Terminator: Learning Optimal Exit Points for Early Stopping in Chain-of-Thought Reasoning

1UT Austin    2EPFL    3ENS Paris-Saclay    4Télécom Paris   
TL;DR: Terminator cuts LLM reasoning length by 14%–55%, halves wall-clock latency, and achieves best or second-best performance on 28 of 32 metrics across four models and four benchmarks, all without fine-tuning the base model.
Figure 1: Early Stopping via Terminator. Side-by-side comparison of Terminator-Qwen3-8B (left) vs. vanilla Qwen3-8B (right) on the following MATH-500 question: "Define $p = \sum_{k=1}^\infty \frac{1}{k^2}$ and $q = \sum_{k=1}^\infty \frac{1}{k^3}.$ Find a way to write $\sum_{j=1}^\infty \sum_{k=1}^\infty \frac{1}{(j+k)^3}$ in terms of $p$ and $q.$"

Abstract

Large Reasoning Models (LRMs) achieve impressive performance on complex reasoning tasks via Chain-of-Thought (CoT) reasoning, which enables them to generate intermediate thinking tokens before arriving at the final answer. However, LRMs often suffer from significant overthinking, spending excessive compute time even after the answer is generated early on. Prior work has identified the existence of an optimal reasoning length such that truncating reasoning at this point significantly shortens CoT outputs with virtually no change in performance. However, determining optimal CoT lengths for practical datasets is highly non-trivial as they are fully task and model-dependent. We precisely address this and design Terminator, an early-exit strategy for LRMs at inference to mitigate overthinking. The central idea underpinning Terminator is that the first arrival of an LRM's final answer is often predictable, and we leverage these first answer positions to create a novel dataset of optimal reasoning lengths to train Terminator. Powered by this approach, Terminator achieves significant reductions in CoT lengths of 14% – 55% on average across four challenging practical datasets: MATH-500, AIME 2025, HumanEval, and GPQA, whilst outperforming current state-of-the-art methods.

Motivation

Large Reasoning Models (LRMs) frequently overthink: even after generating the correct final answer early in their Chain-of-Thought, they continue to reason for hundreds or thousands of additional tokens, double-checking, exploring alternatives, and sometimes even changing to a wrong answer.

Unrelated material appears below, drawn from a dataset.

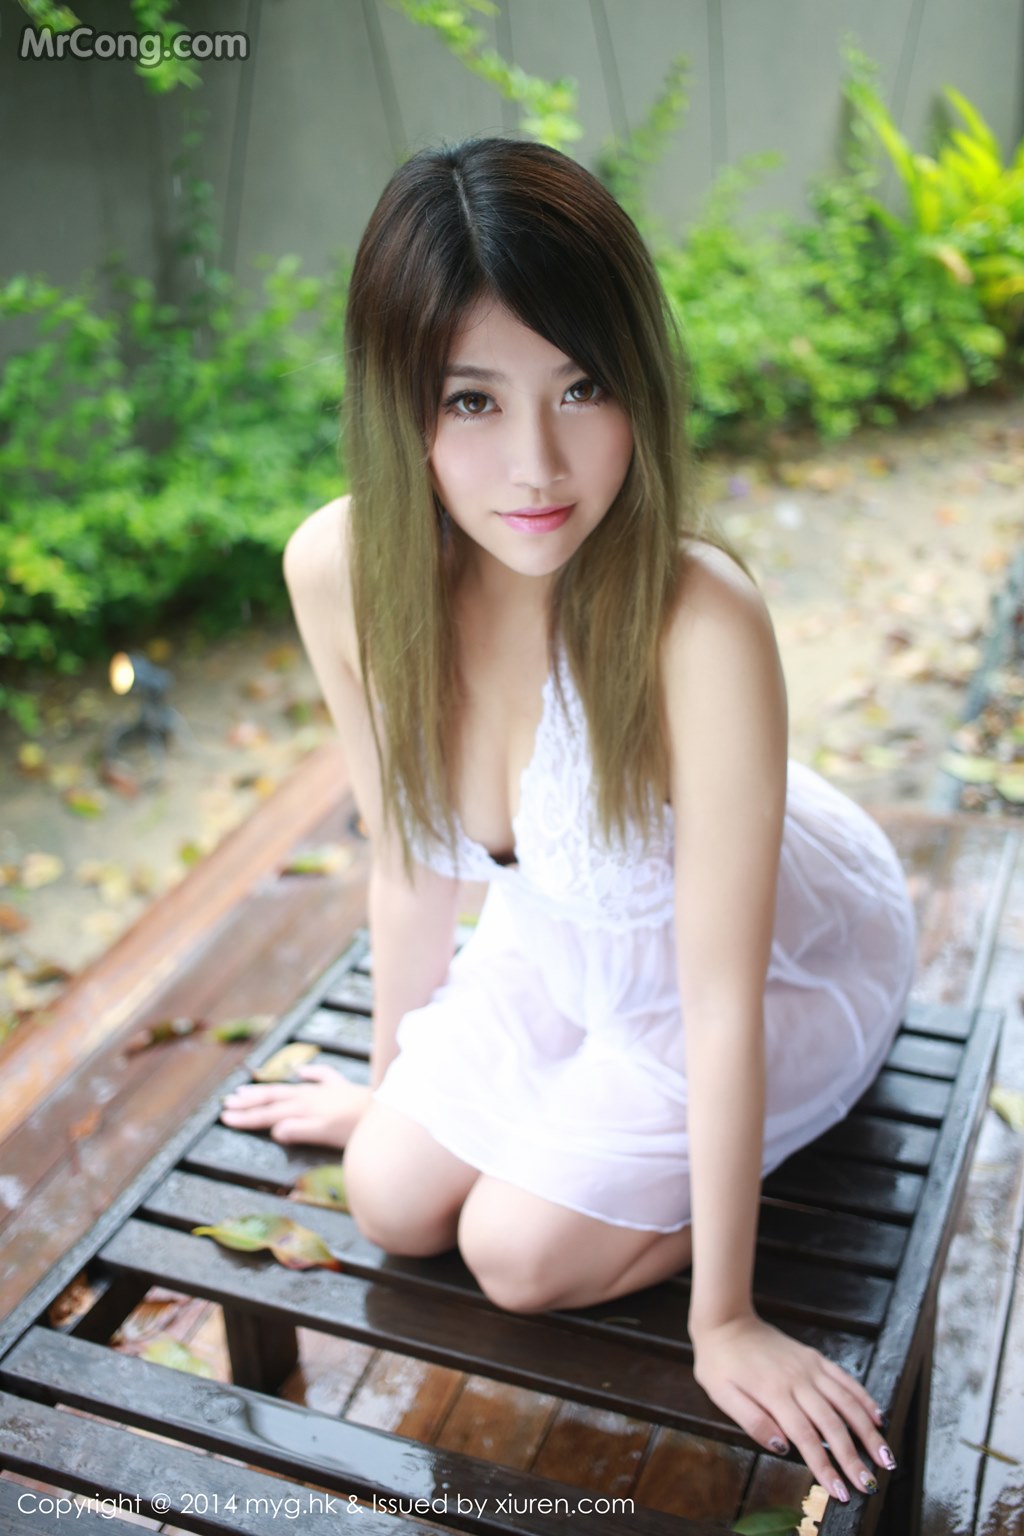 MyGirl Vol.023: Model Sabrina (许诺) (61 pictures) photo 1-5
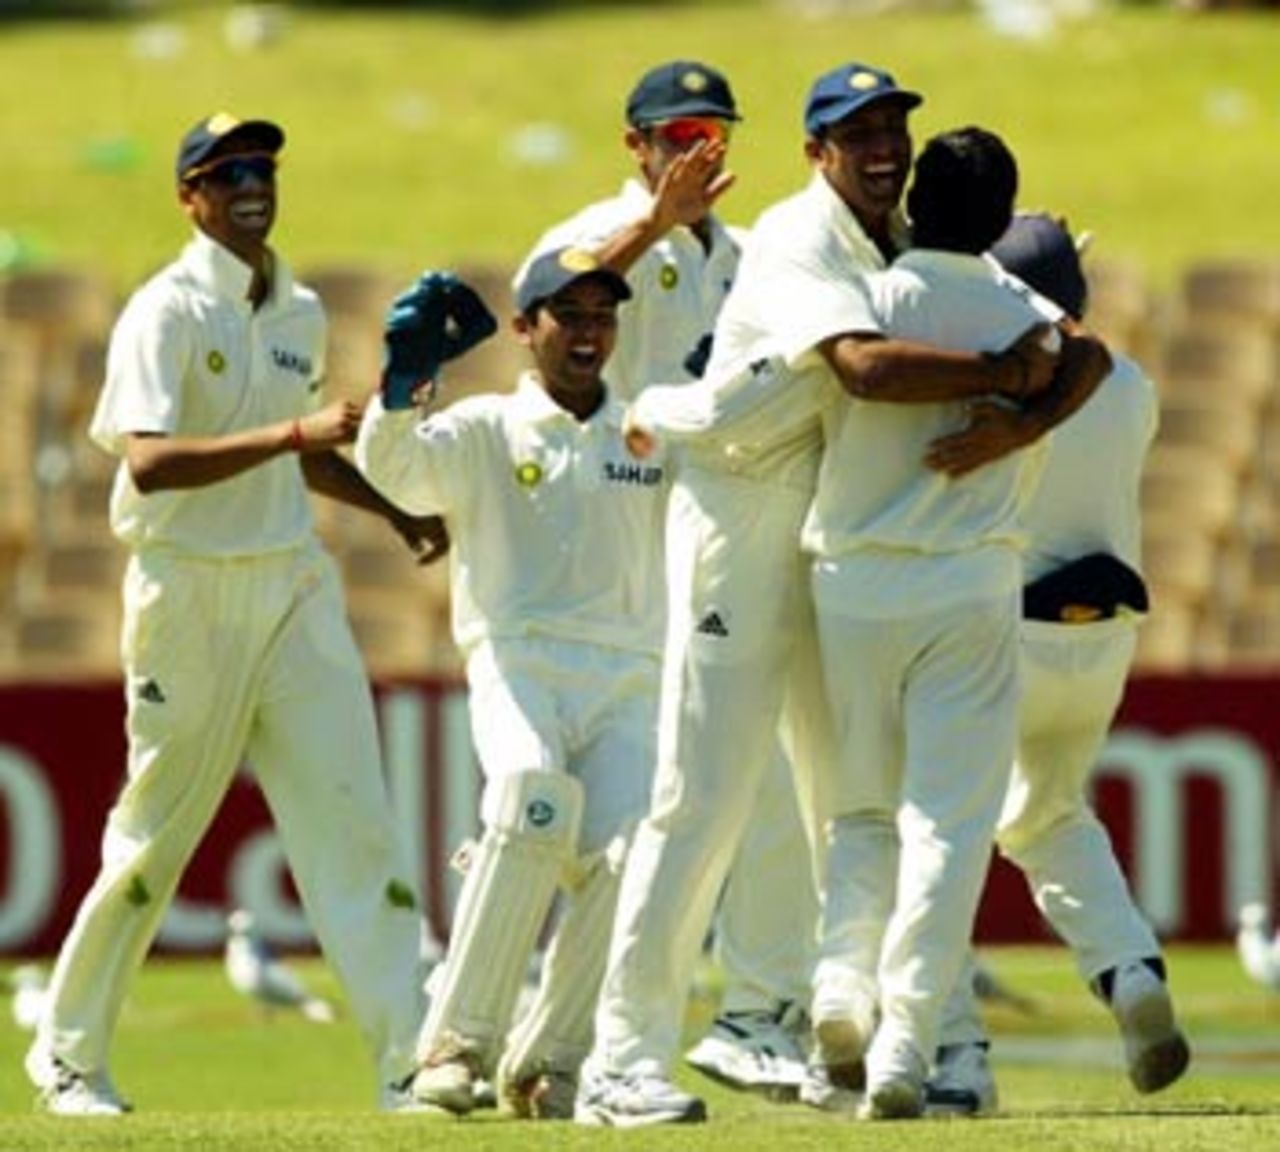 Tendulkar's bowling sent the Indians into raptures of joy, Australia v India, 2nd Test, Adelaide, 4th day, December 15, 2003

A natural question follows: can we detect when the LRM has already generated its final answer? We find that the answer is yes. By aligning many CoTs to the position where the final answer first appears and averaging, a clear confidence spike emerges at exactly that position. Individual CoT signals are noisy (Figure 2, left), but event-locked averaging across 3,200 CoTs from math, science, and coding problems reveals a consistent and sharp signal (Figure 2, right).

Event-locked averaging of Token-Confidence and log-probability signals
Figure 2: Event-Locked Averaging of Token-Confidence. Left: single-sample trajectories are noisy. Right: averaging many CoTs aligned by the first answer position reveals a clear confidence spike, consistent across data sources.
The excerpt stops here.